• Dataset excerpt
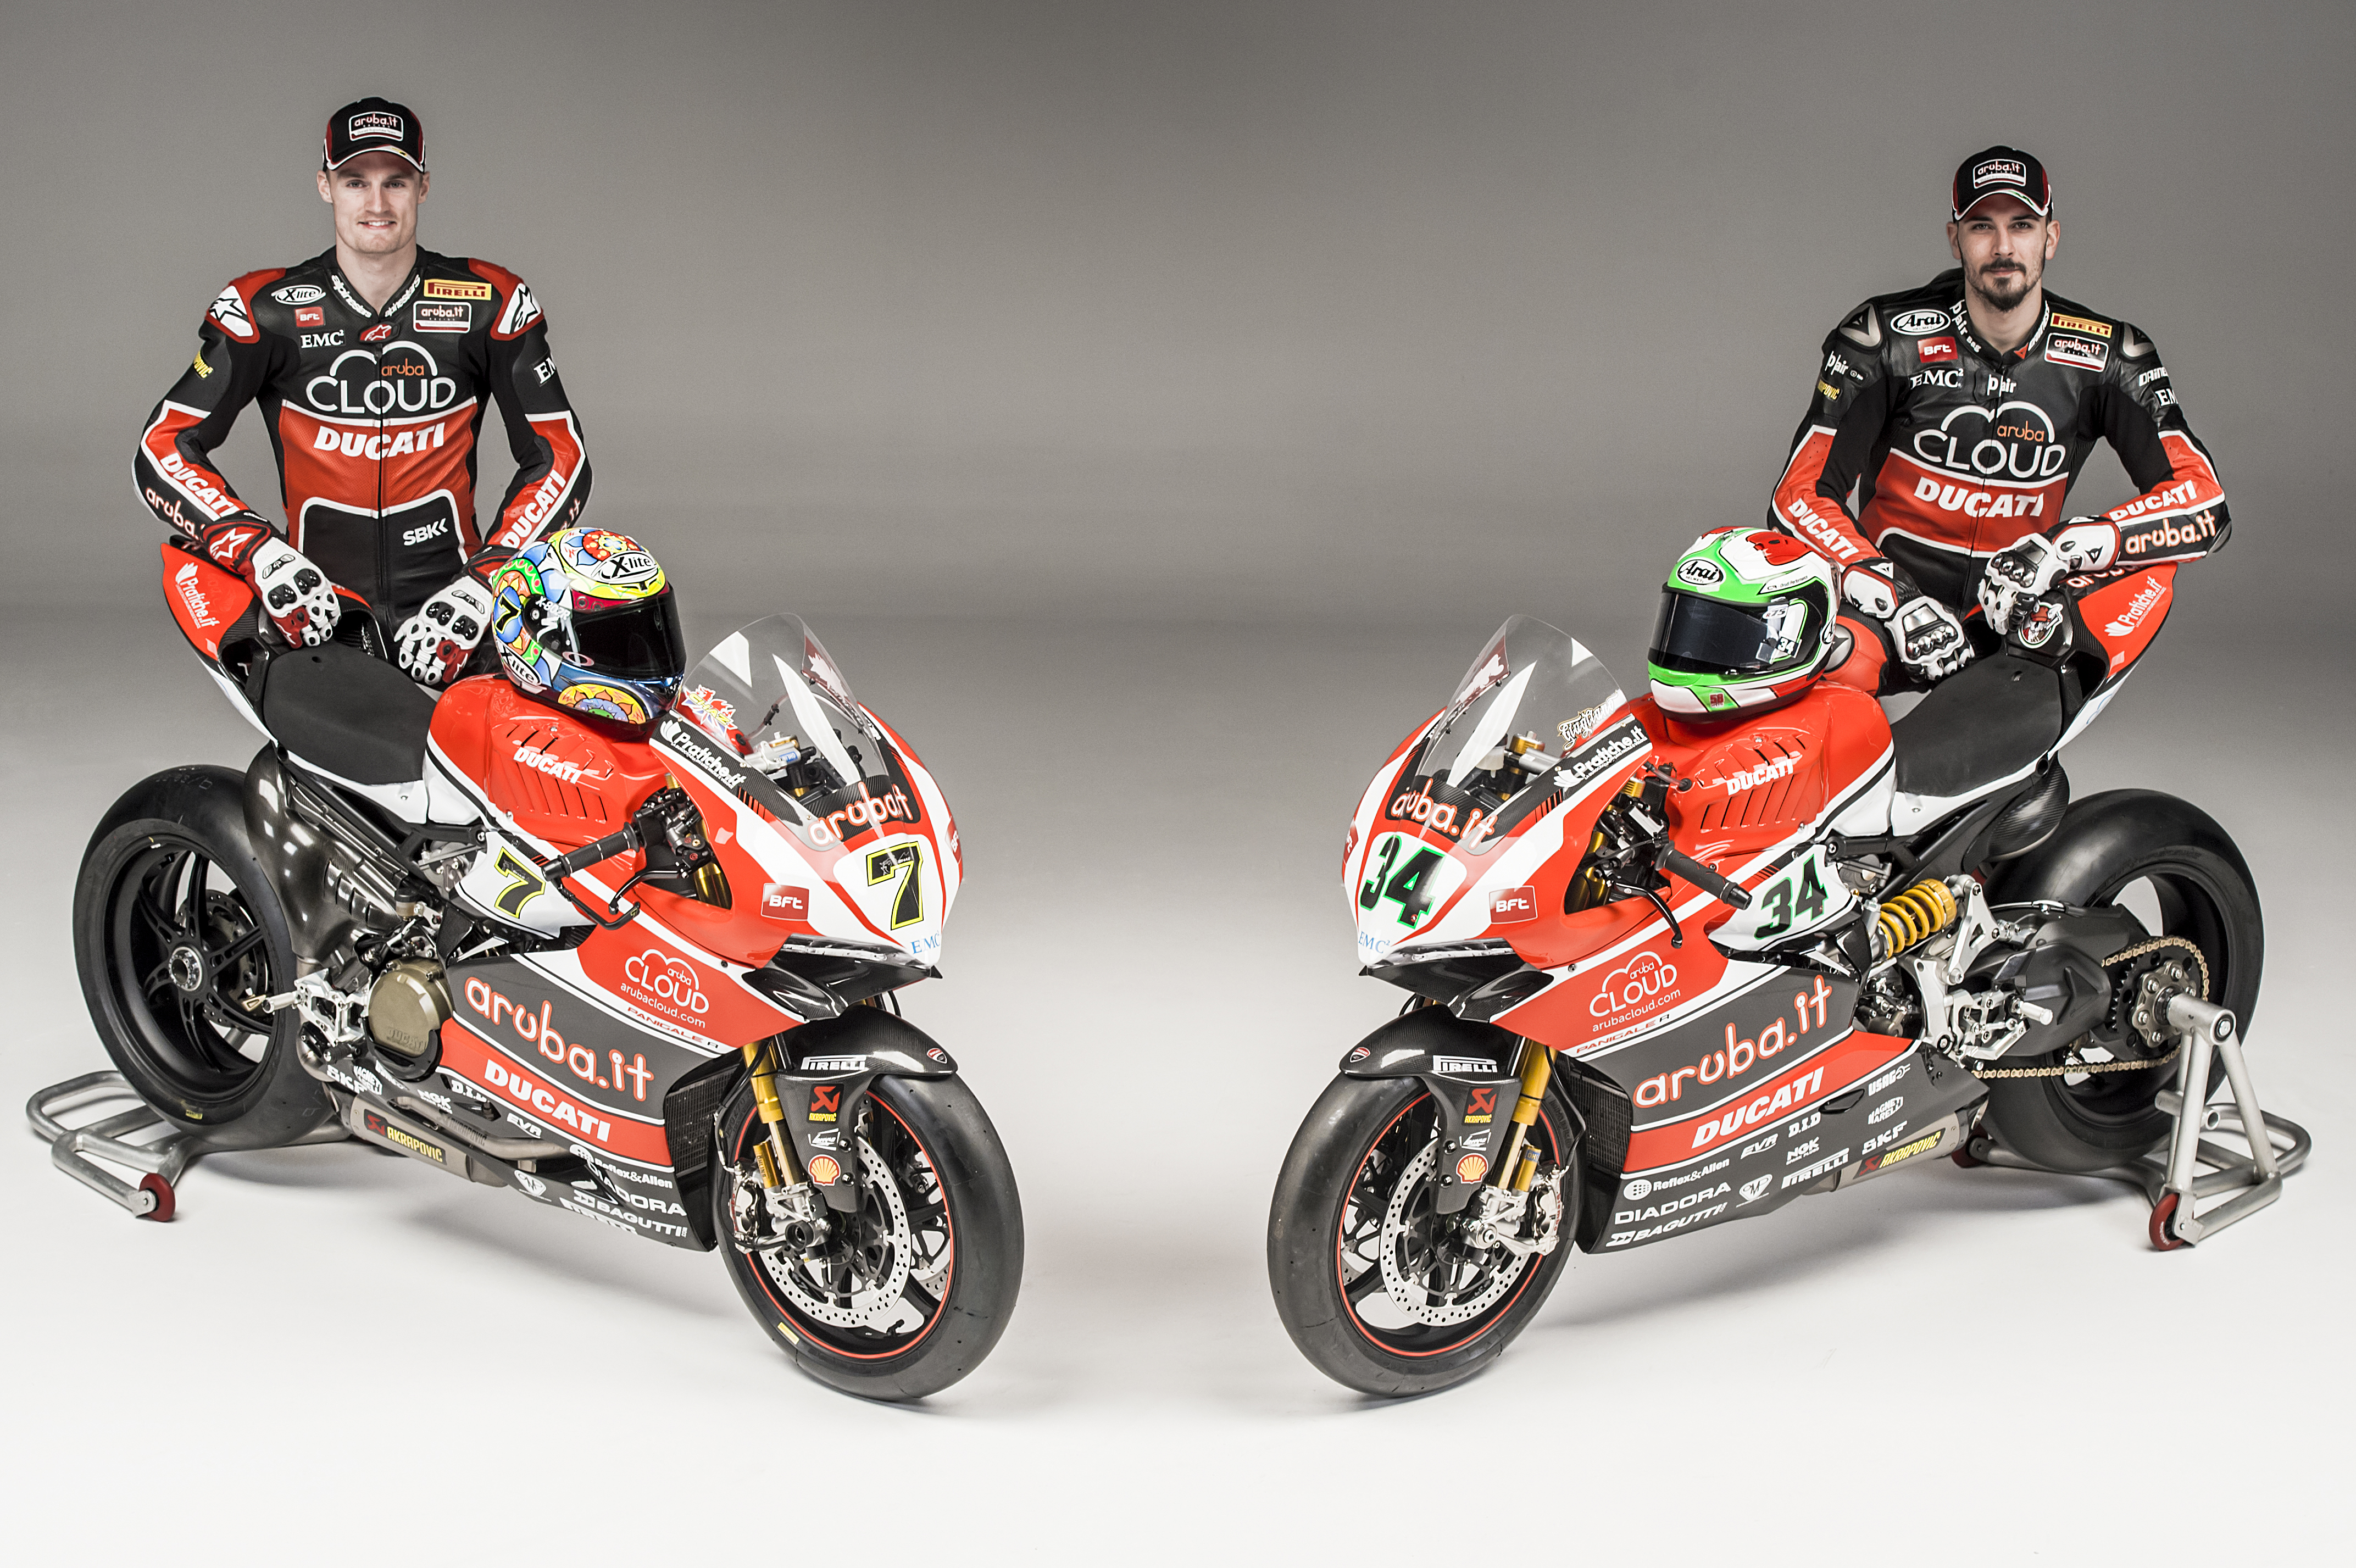 Ducati's 2015 WSBK livery revealed
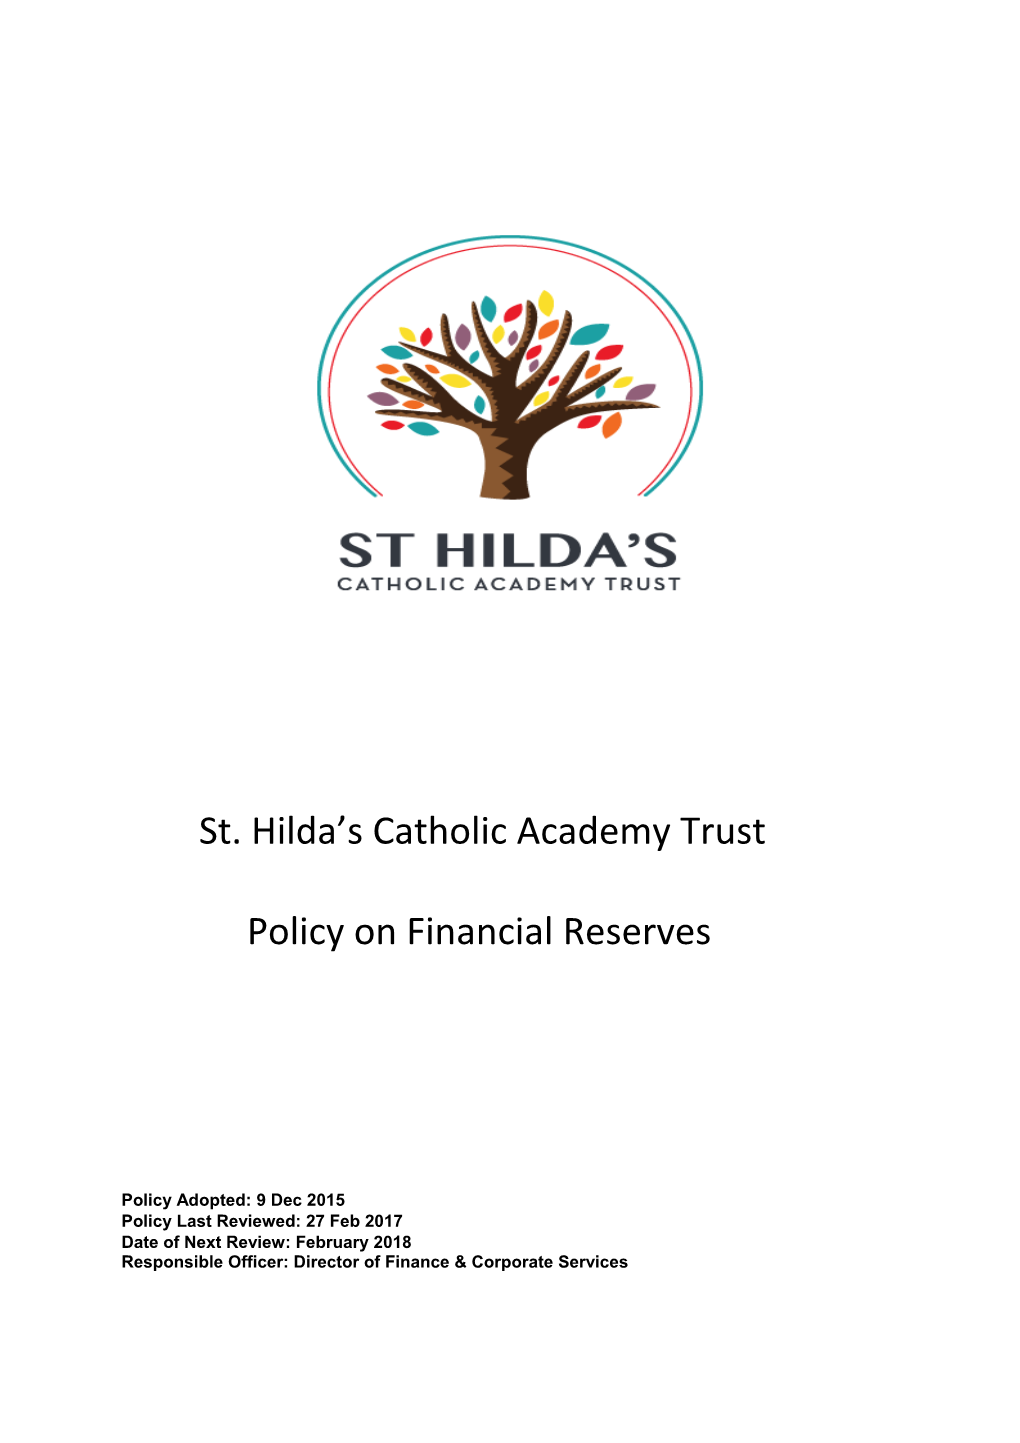 St. Hilda S Catholic Academy Trust
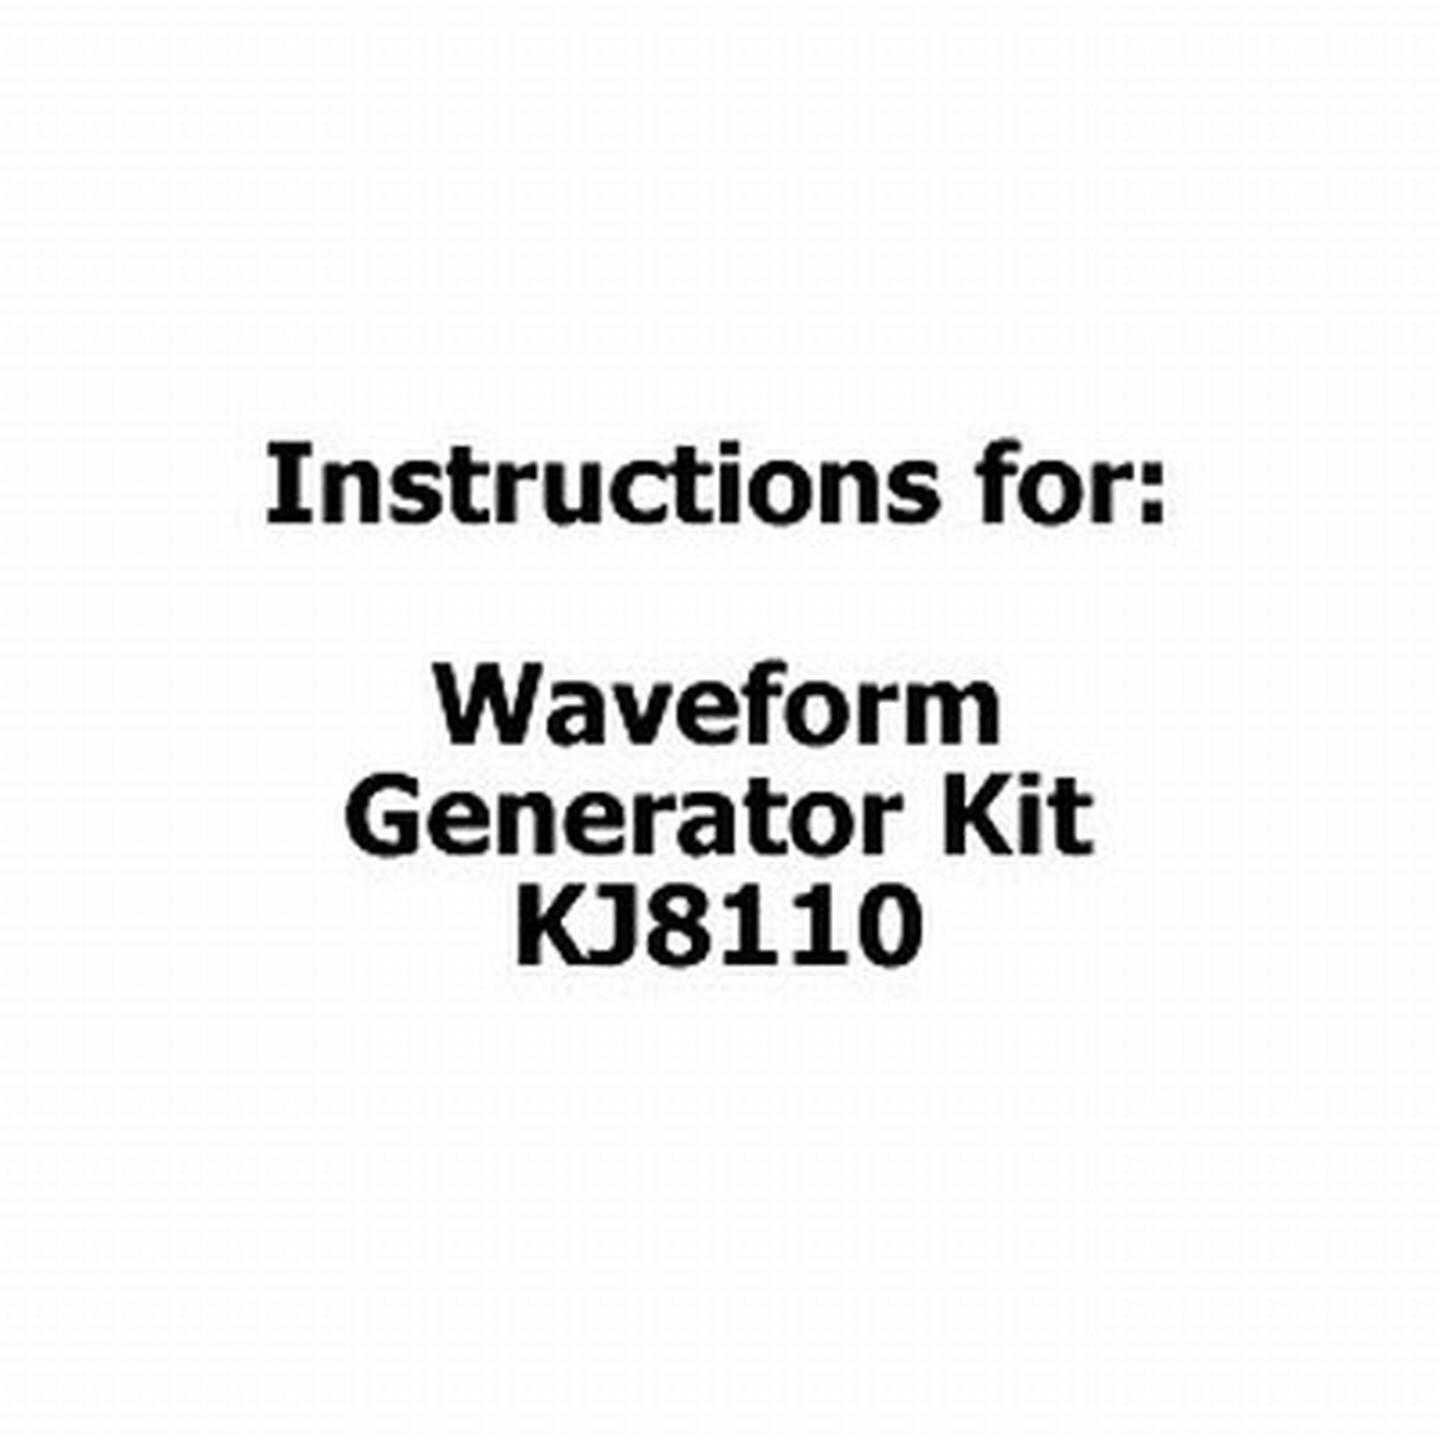 Instructions for Waveform Generator Kit - KJ8110

• Exercise objective
Pictures stay out of this copy. Retype exactly the lines from the one with "St. Hilda S Catholic Academy Trust" through the last line of the data, both ends included, and nothing more.

• Output
 St. Hilda S Catholic Academy Trust
 Instructions for Waveform Generator Kit - KJ8110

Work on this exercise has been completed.